Americans for Tax Reform, the Grover Norquist-led lobbying group that asks politicians to sign a pledge not to raise taxes, and then holds them to it, has given its seal of approval to the “Plan B” that House Speaker John Boehner, R-Ohio, has proposed for raising taxes only on millionaires, in case he and President Obama are unable to reach an agreement to avert the fiscal cliff.
Boehner said Tuesday that House Republicans would introduce a bill that would let tax rates go up only on millionaires (see Boehner to Introduce “Plan B” Solution to Fiscal Cliff, Raising Taxes on Millionaires). However, President Obama has threatened to veto the bill if it reaches his desk, and White House spokesman Jay Carney predicted that it would not pass in the Senate.
Obama and Boehner have been negotiating on a deal to avert the fiscal cliff, but have not yet reached agreement on the mix of tax increases and spending cuts that will be included as part of the measure (see Obama Concessions Signal Potential Bipartisan Tax Rate and Budget Deal).
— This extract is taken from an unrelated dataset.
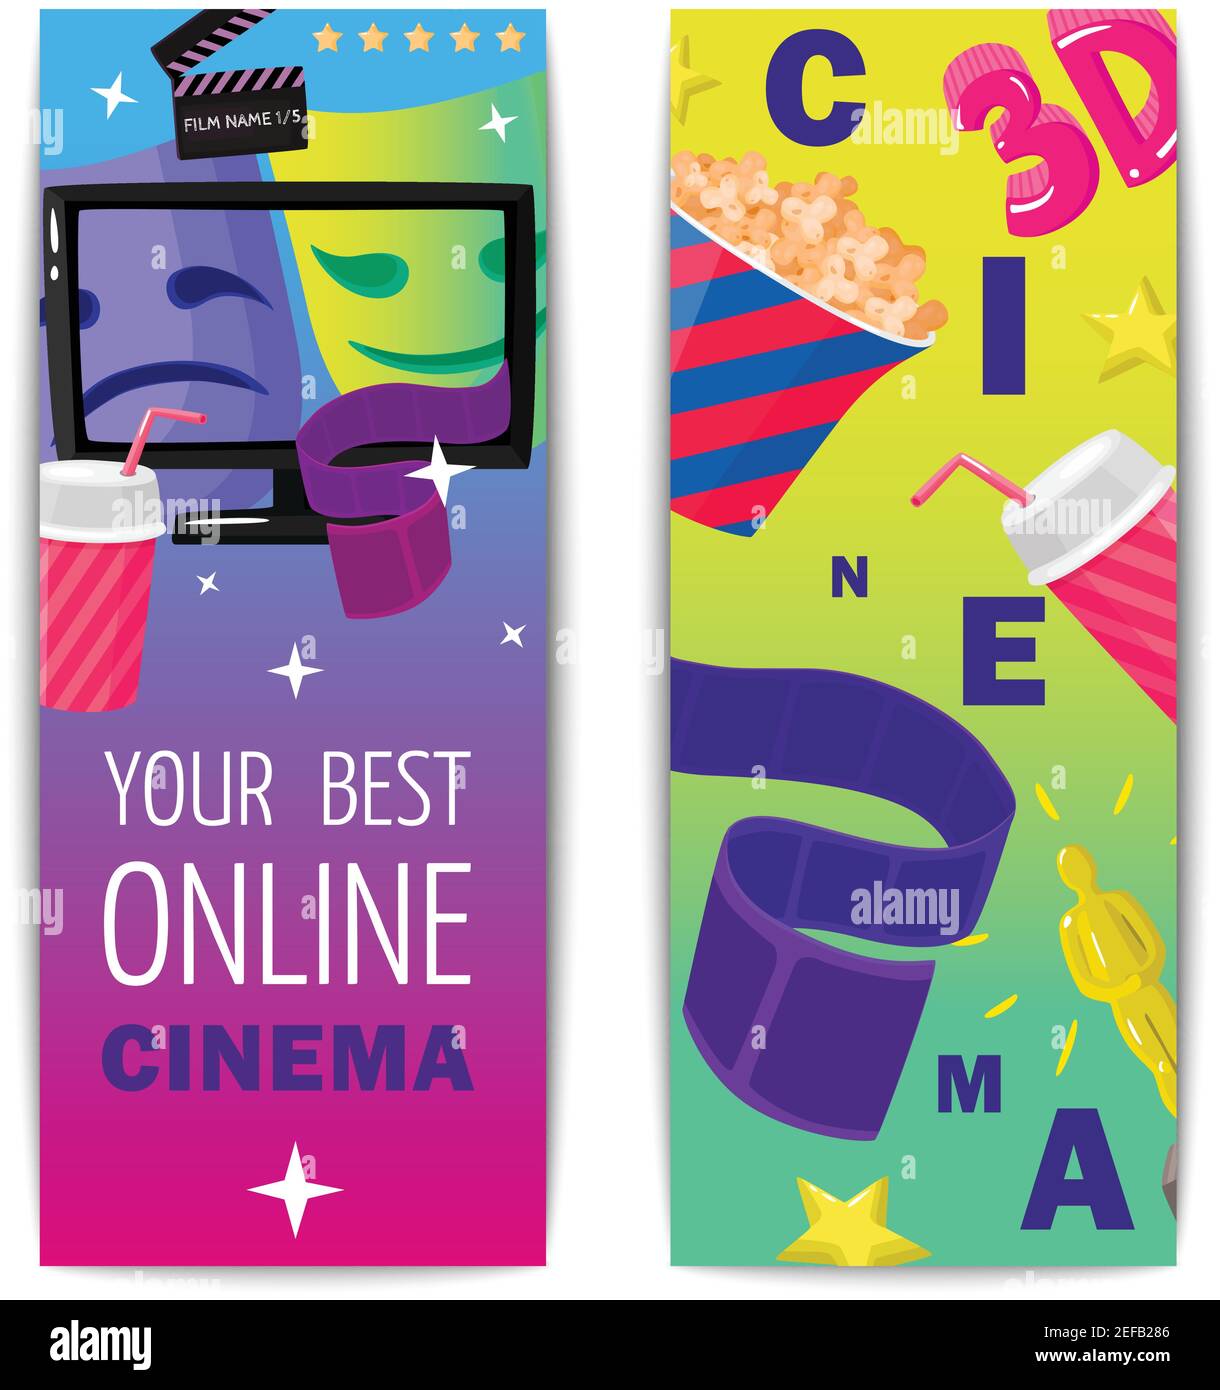 Cinema due striscioni verticali isolati con popcorn 3D figurine premio ripresa delle immagini online visualizzazione vettoriale piatta Illustrazione Vettoriale

A major sticking point is that a majority of Republicans have signed a pledge with Norquist’s group, Americans for Tax Reform, not to raise taxes. However, Norquist has signaled some flexibility on the pledge in the past, especially lately with the expiration of the Bush tax cuts and the current tax rates now looming, saying that any tax reform would have to be revenue neutral, with any tax increases offset by tax cuts.
Norquist’s group released a statement Wednesday that was distributed by the press office of Republicans on the tax-writing House Ways and Means Committee.
“ATR has consistently maintained that individual Members of Congress make a pledge to their constituents to oppose and vote against tax increases,” said the statement from Americans for Tax Reform. “The House this week will vote on a tax bill. This legislation—popularly known as “Plan B”—permanently prevents a tax increase on families making less than $1 million per year. Republicans supporting this bill are this week affirming to their constituents in writing that this bill—the sole purpose of which is to prevent tax increases—is consistent with the pledge they made to them. In ATR’s analysis, it is extremely difficult—if not impossible—to fault these Republicans’ assertion.
“In particular, in this Congress the House has already voted twice to prevent any tax increases on any American," ATR added. "When viewed with this in mind, and considering this tax bill contains no tax increases of any kind—in fact, it permanently prevents them—matters become more clear. Having finally seen actual legislation in writing, ATR is now able to make its determination about a legislative proposal related to the fiscal cliff. ATR will not consider a vote for this measure a violation of the Taxpayer Protection Pledge.”
Boehner's Plan B bill would permanently extend the current marginal tax rates for incomes up to $1 million. It would also permanently repeal the PEP and Pease limitation, make the $1,000 child credit permanent, and provide permanent relief from the so-called "marriage penalty." The bill would also permanently extend the reduced capital gains and dividend tax rates, with a top rate of 15 percent, for incomes up to $1 million.
In addition, the bill would permanently extend the 2012 estate tax rates with a $5 million exemption and a 35 percent top rate. It would also permanently extend the higher small business expensing limits under Section 179 and permanently patch the alternative minimum tax, including the interaction effects between the AMT patch and 2001 and 2003 tax cuts.
The White House, however, argued against the Plan B bill, pointing out that it would still provide those earning over $1 million with an average tax cut of about $50,000. Meanwhile, the bill does not extend the American Opportunity Tax Credit for tuition, nor improvements to the Earned Income Tax Credit and Child Tax Credit, raising taxes on an estimated 25 million working families with children and students, according to the White House.
A vote on the bill is expected Thursday in the House. Boehner is reportedly trying to round up enough votes among Republican lawmakers to pass the legislation despite opposition from some conservative groups such as the Club for Growth.